3.否则,尝试检查customEditor是否为空,为空的话则调用findDefaultEditor方法来查找它的默认propertyEditor。然后再调用doConvertValue来进行类型转换。
doConvertValue方法里的实现其实很简单,就是调用propertyEditor方法的getValue方法,将String类型转换成目标对象。当然,对于其他类型的输入,还有一些其他的判断处理,它主要的处理逻辑代码如下:
private Object doConvertValue(@Nullable Object oldValue, @Nullable Object newValue,
@Nullable Class<?> requiredType, @Nullable PropertyEditor editor) {
Object convertedValue = newValue;
if (editor != null && !(convertedValue instanceof String)) {
// Not a String -> use PropertyEditor's setValue.
// With standard PropertyEditors, this will return the very same object;
// we just want to allow special PropertyEditors to override setValue
// for type conversion from non-String values to the required type.
try {
editor.setValue(convertedValue);
Object newConvertedValue = editor.getValue();
if (newConvertedValue != convertedValue) {
convertedValue = newConvertedValue;
// Reset PropertyEditor: It already did a proper conversion.
// Don't use it again for a setAsText call.
editor = null;
}
}
catch (Exception ex) {
if (logger.isDebugEnabled()) {
logger.debug("PropertyEditor [" + editor.getClass().getName() + "] does not support setValue call", ex);
}
// Swallow and proceed.
}
}
Object returnValue = convertedValue;
if (requiredType != null && !requiredType.isArray() && convertedValue instanceof String[]) {
// Convert String array to a comma-separated String.
// Only applies if no PropertyEditor converted the String array before.
// The CSV String will be passed into a PropertyEditor's setAsText method, if any.
if (logger.isTraceEnabled()) {
logger.trace("Converting String array to comma-delimited String [" + convertedValue + "]");
}
convertedValue = StringUtils.arrayToCommaDelimitedString((String[]) convertedValue);
}
if (convertedValue instanceof String) {
if (editor != null) {
// Use PropertyEditor's setAsText in case of a String value.
if (logger.isTraceEnabled()) {
logger.trace("Converting String to [" + requiredType + "] using property editor [" + editor + "]");
}
String newTextValue = (String) convertedValue;
return doConvertTextValue(oldValue, newTextValue, editor);
}
else if (String.class == requiredType) {
returnValue = convertedValue;
}
}
return returnValue;
}
private Object doConvertTextValue(@Nullable Object oldValue, String newTextValue, PropertyEditor editor) {
try {
editor.setValue(oldValue);
}
catch (Exception ex) {
if (logger.isDebugEnabled()) {
logger.debug("PropertyEditor [" + editor.getClass().getName() + "] does not support setValue call", ex);
}
// Swallow and proceed.
}
editor.setAsText(newTextValue);
return editor.getValue();
}
上面这部分的代码看起来比较多,但是其实质上就是根据给定类型的对象转化成目标对象。
关于上面这部分的类型转换到底在哪些地方有用到呢?实际上,在BeanFactory的一些实现里,它们会读取BeanDefinition信息,然后做转换。
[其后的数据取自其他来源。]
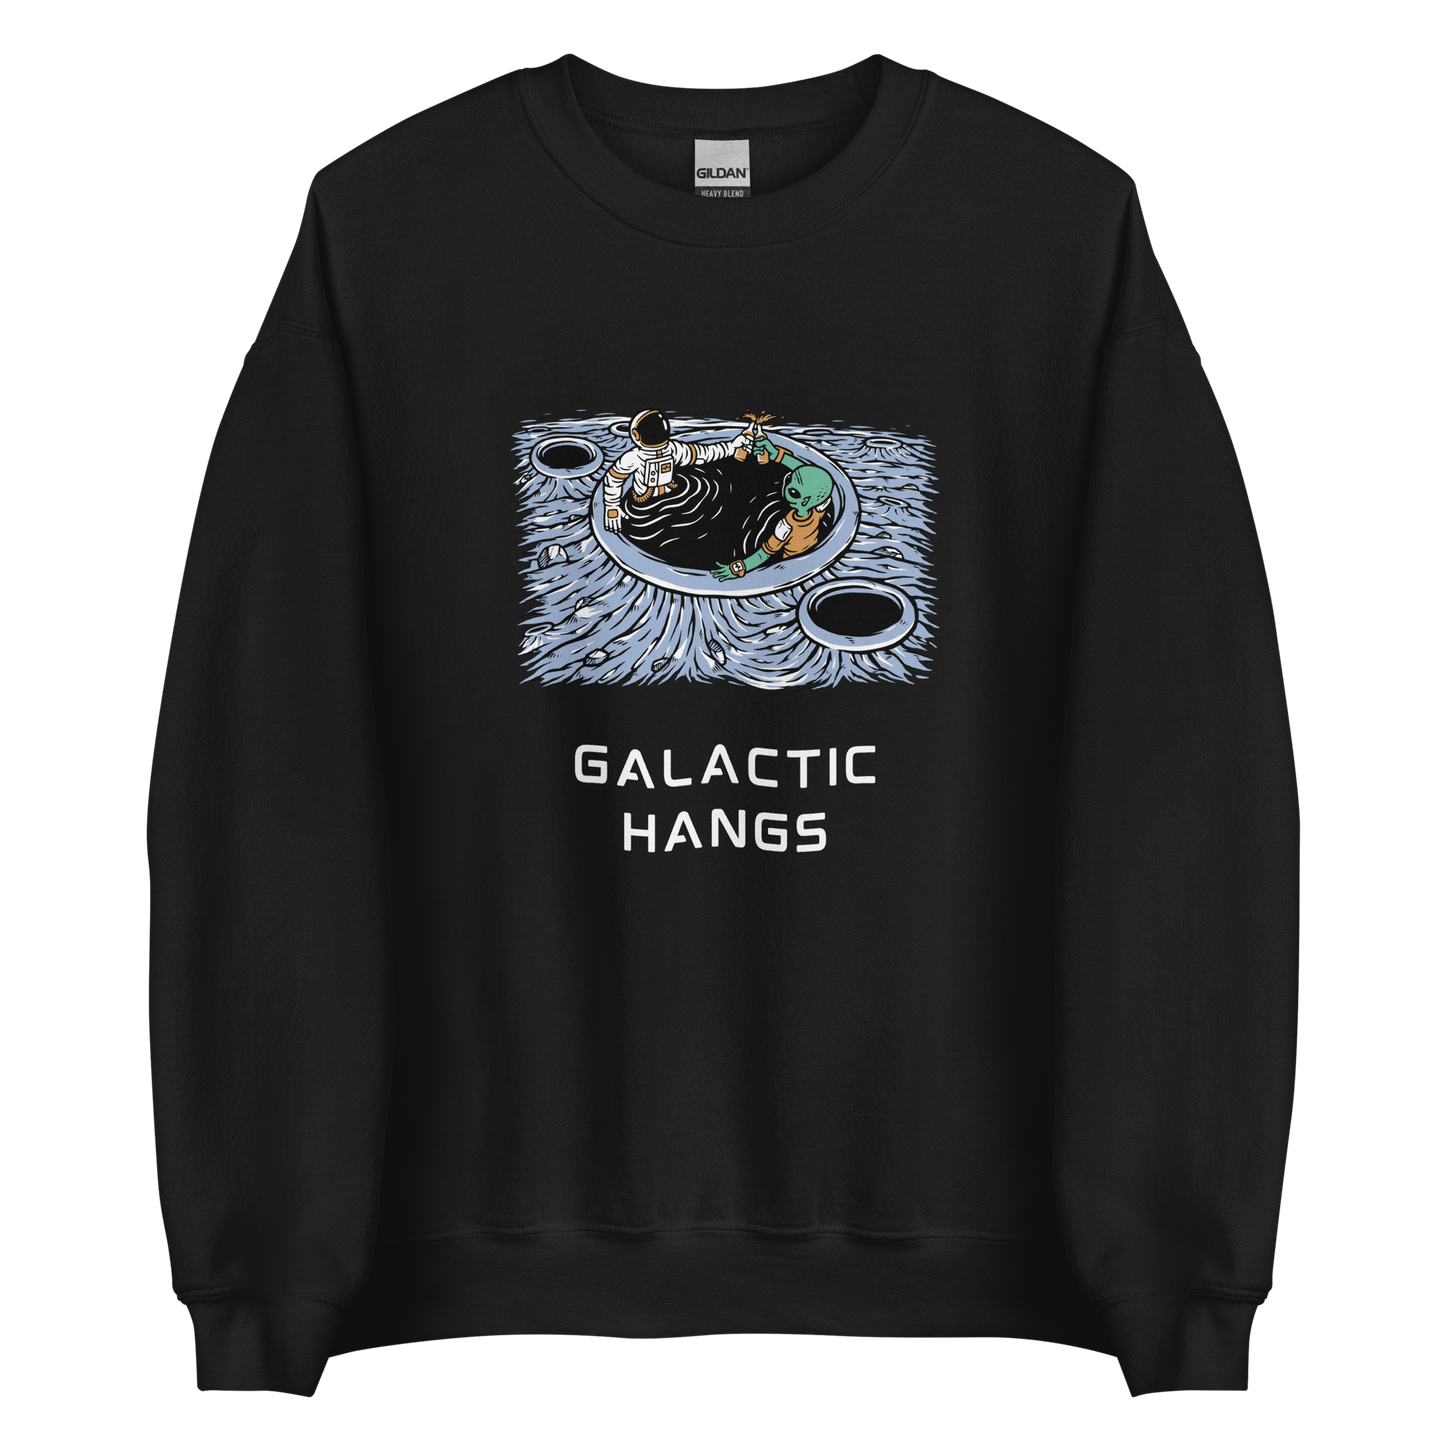 Black Galactic Hangs Sweatshirt featuring an out-of-this-world graphic of an Astronaut and Alien Chilling Together - Funny Graphic Space Sweatshirts - Boozy Fox

在下图的顺序图里,就有一个类型转换的过程:
上图中就是类型转换的一个应用。当然,这里的convertIfNecessary方法等转换在其他地方也有应用。
PropertyAccessor
在这几个接口中,PropertyAccessor是定义我们实现核心属性设置功能的那个。它里面定义的几个方法如下:
Class<?> getPropertyType(String propertyName) throws BeansException; TypeDescriptor getPropertyTypeDescriptor(String propertyName) throws BeansException; Object getPropertyValue(String propertyName) throws BeansException; void setPropertyValue(String propertyName, @Nullable Object value) throws BeansException; void setPropertyValues(Map<?, ?> map) throws BeansException;
对于属性的设置来说,这里的两个重点方法是getPropertyValue和setPropertyValue。我们先针对这两个方法的实现来进行分析。
setPropertyValue
在PropertyAccessor的子类AbstractPropertyAccessor里有一个对setPropertyValues的实现如下:
public void setPropertyValues(PropertyValues pvs, boolean ignoreUnknown, boolean ignoreInvalid)
throws BeansException {
List<PropertyAccessException> propertyAccessExceptions = null;
List<PropertyValue> propertyValues = (pvs instanceof MutablePropertyValues ?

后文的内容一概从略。